Reacting, Dapo Olumide, chief executive officer of Ropeways Transport Limited, said the last 33-year experiment of Nigerian airports under government has not recorded much progress, hence the need to “change the status quo”.

“Concession of Airports does not mean complete privatization but allowing the private sector to come in and ensure global standard,” he said.

“We have been doing the same thing for the last three decades, going round the circle.”

He however, opposed the lawmaker’s call for the devolution of FAAN into three units, saying such would only continue the complex structures of the agency.


In his welcome address, Simon Tumba, convener of the colloquium, lamented over the parlous state of Nigerian airports despite the presence of huge prospects for economic growth.

“For decades we have seen the state of our airports, especially our major gateways in Lagos, Abuja, Enugu, Port Harcourt, Kaduna and Kano. Over the last few years the Federal government has made investments to enhance  the customer experience in these airports. Truth be told; we are lagging behind, despite the efforts of the Federal Airports of Authority /FAAN),” he said.


“The Federal government has approved N14 billion to renovate the Murtala Muhammed International Airport, Ikeja, which is nearly $40 million.

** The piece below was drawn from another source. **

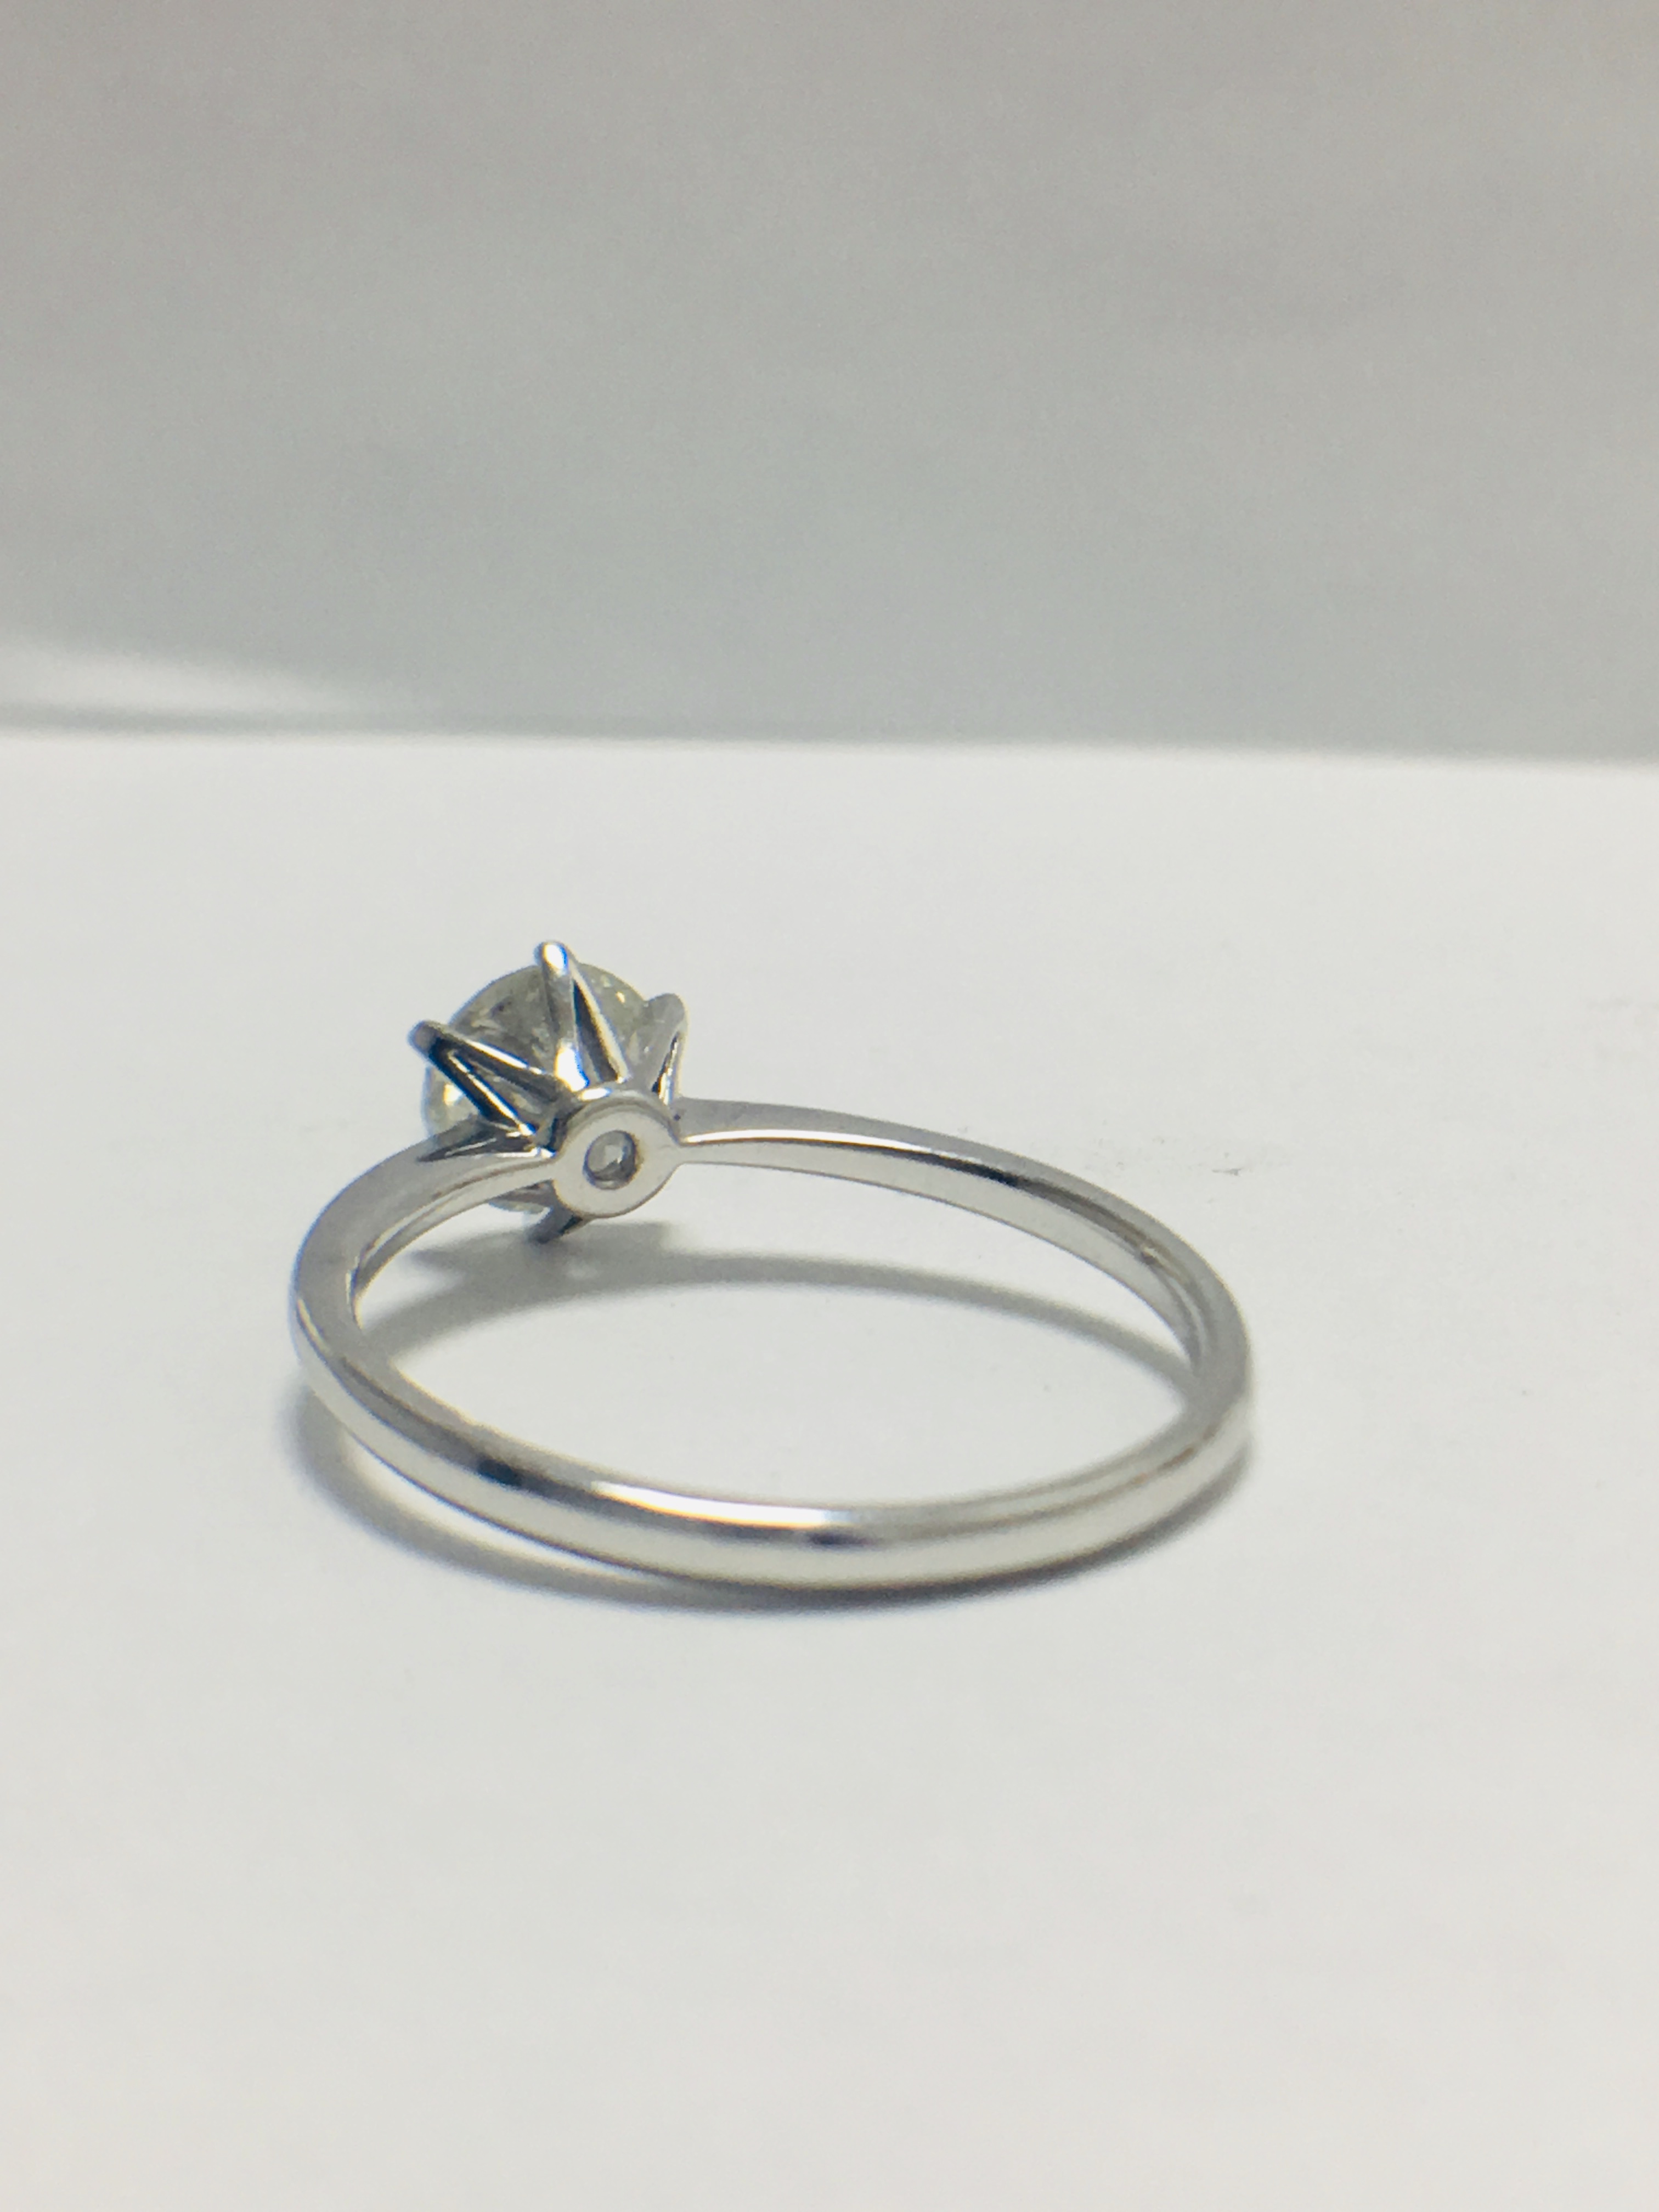 Platinum 1 carat diamond solitaire ring,WGI certification - Image 4 of 10

“Taking cognizance to the dwindling revenue of the government, very demanding social needs and the increase of our debt profile as a nation, one may say the government is doing its best. However $40 million is not enough for an emerging market like Nigeria, a country with every potential to be a global hub. The government needs to think out of the box!


“Our humble opinion in NTM is that the government should explore a Public Private Partnership (PPP) and Concession our airports carrying along the workforce at FAAN. With Nigeria’s God given natural and Human Resources, and a solid leapfrogging plan and strategy, we should be aiming for a futuristic airport of $2-5billion. We have the population, the market and geographic position to make and realize such aspirations.

“The aviation unions who are averse to concession of our airports are merely shooting themselves in the foot, and in the long run, may end in regret and  bitter cries.”